Su único ojo vaciló ante mi rostro, realizando una doble labor, como siempre.
—De acuerdo, podrían ser un sinfín de cosas. Pero ¿lo son?
Por lo general suele ser preferible asumir lo peor y partir de ese punto.
—Probablemente.
—¿Qué piensas hacer?
—Pues no voy a meter la nariz y permaneceré al margen de lo que suceda. —Aunque dudé que tuviera esa opción. Si era obra de la misma cuadrilla que había asesinado a la última niña, habría problemas: la Corona se aseguraría de ello. Quizá no le importara la muerte de la hija de un estibador portuario de la parte baja de la ciudad, pero seguro que querrían saber quién coño se había dedicado a invocar entidades de otros mundos. Sólo la Corona mangonea con las artes oscuras, es un privilegio que preserva con sumo rigor. Hasta aquel momento yo era la única conexión que tenían con lo que fuera que había asesinado al kireno, lo que me garantizaba una sesión en los sótanos de Black House.

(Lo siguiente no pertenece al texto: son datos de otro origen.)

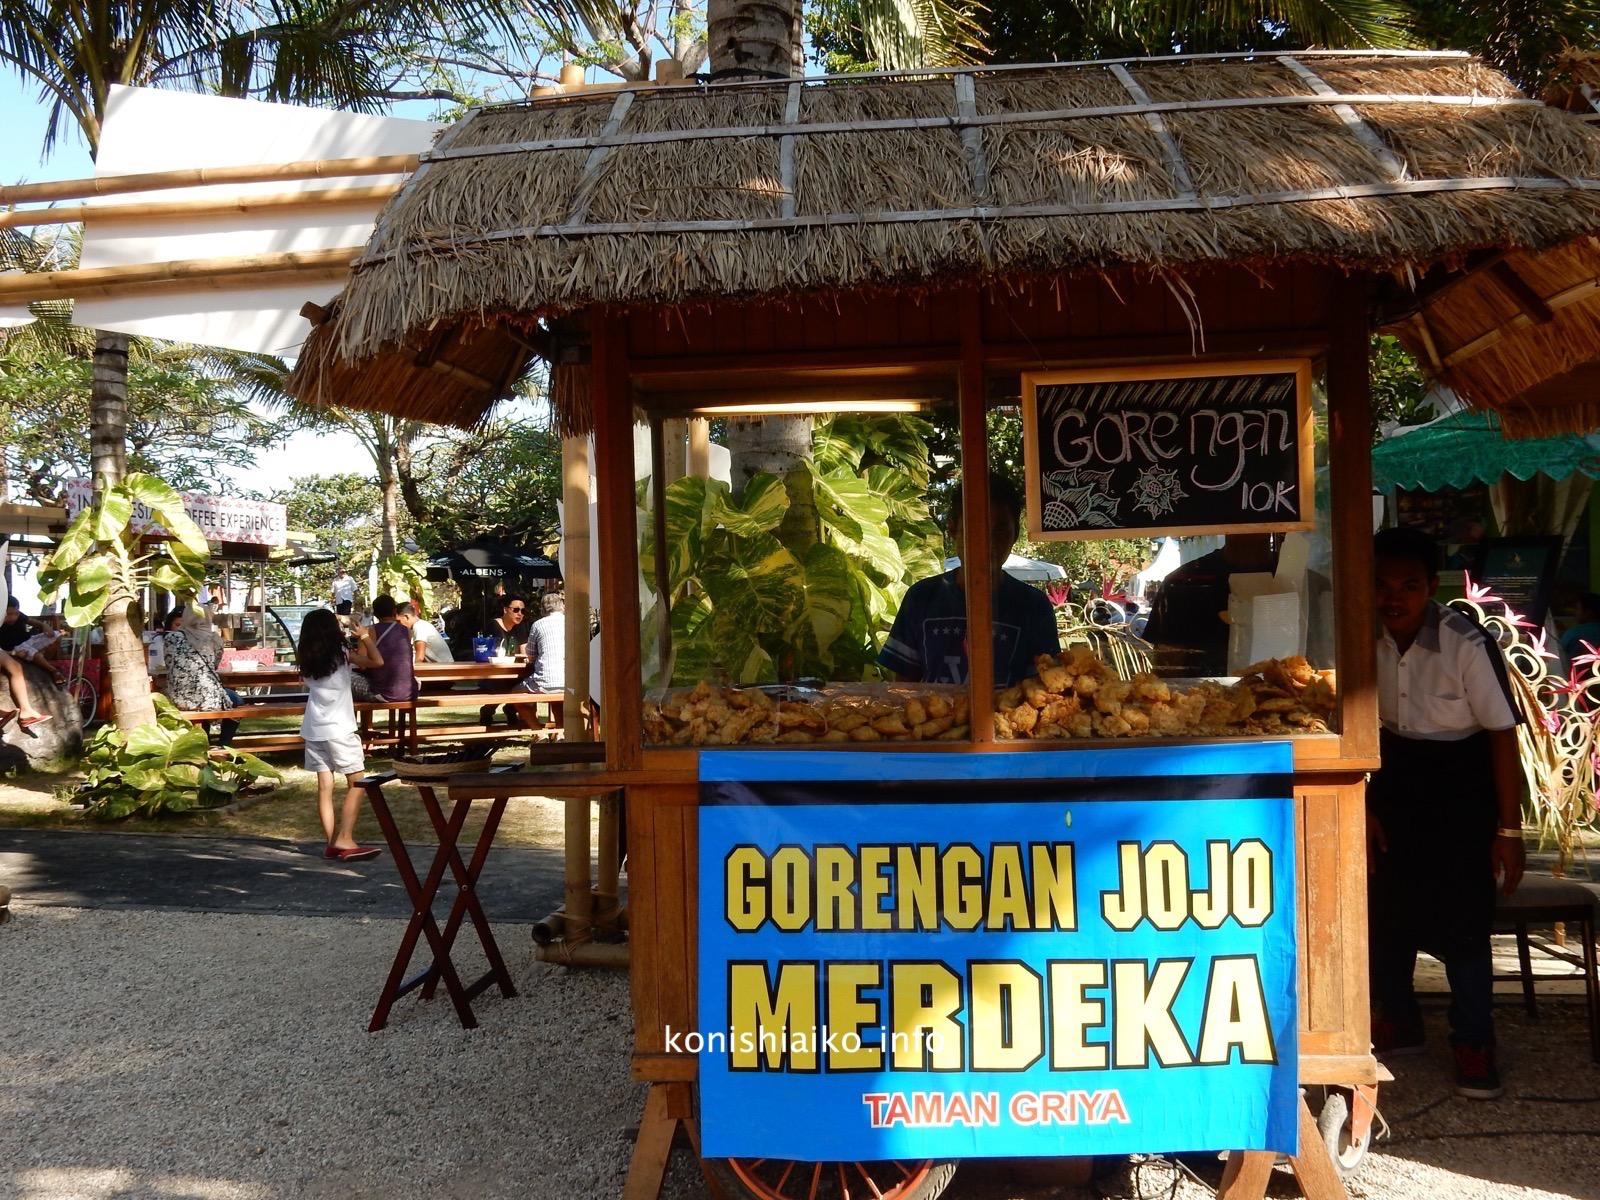 インドネシアの揚げおやつ「ゴレンガン」の屋台

—¿Los asesinos de la niña irán a por ti? —preguntó Adolphus.
—Ya estoy harto de jugar a ser agente de la ley.
—¿Tus antiguos compañeros dejarán que te vayas de rositas tan fácilmente?
No respondí. Adolphus ya sabía la respuesta.
—Lamento que te veas involucrado.
Me descubrí siendo muy consciente de las canas que Adolphus tenía en la barba, y de hasta qué punto le raleaba el pelo.
—Me acercaré al Aerie, a ver si puedo hacerme una idea más clara de la situación. Ha llegado la hora de hablar con el Crane. —Me despedí de Adolphus en el patio y subí la escalera para coger la bolsa. Consideré la posibilidad de armarme, pero luego me lo pensé mejor. Si la niña aparecía flotando en el canal me garantizaba una visita de los agentes de la ley, y si eso sucedía no volvería a ver nada de lo que llevase encima. Además, que yo supiera, el acero no serviría de gran cosa contra la abominación que había visto. Salí de la taberna a buen paso, pensando en lo que había dado por sentado que sería mi primer y único encuentro con la criatura que había asesinado al kireno.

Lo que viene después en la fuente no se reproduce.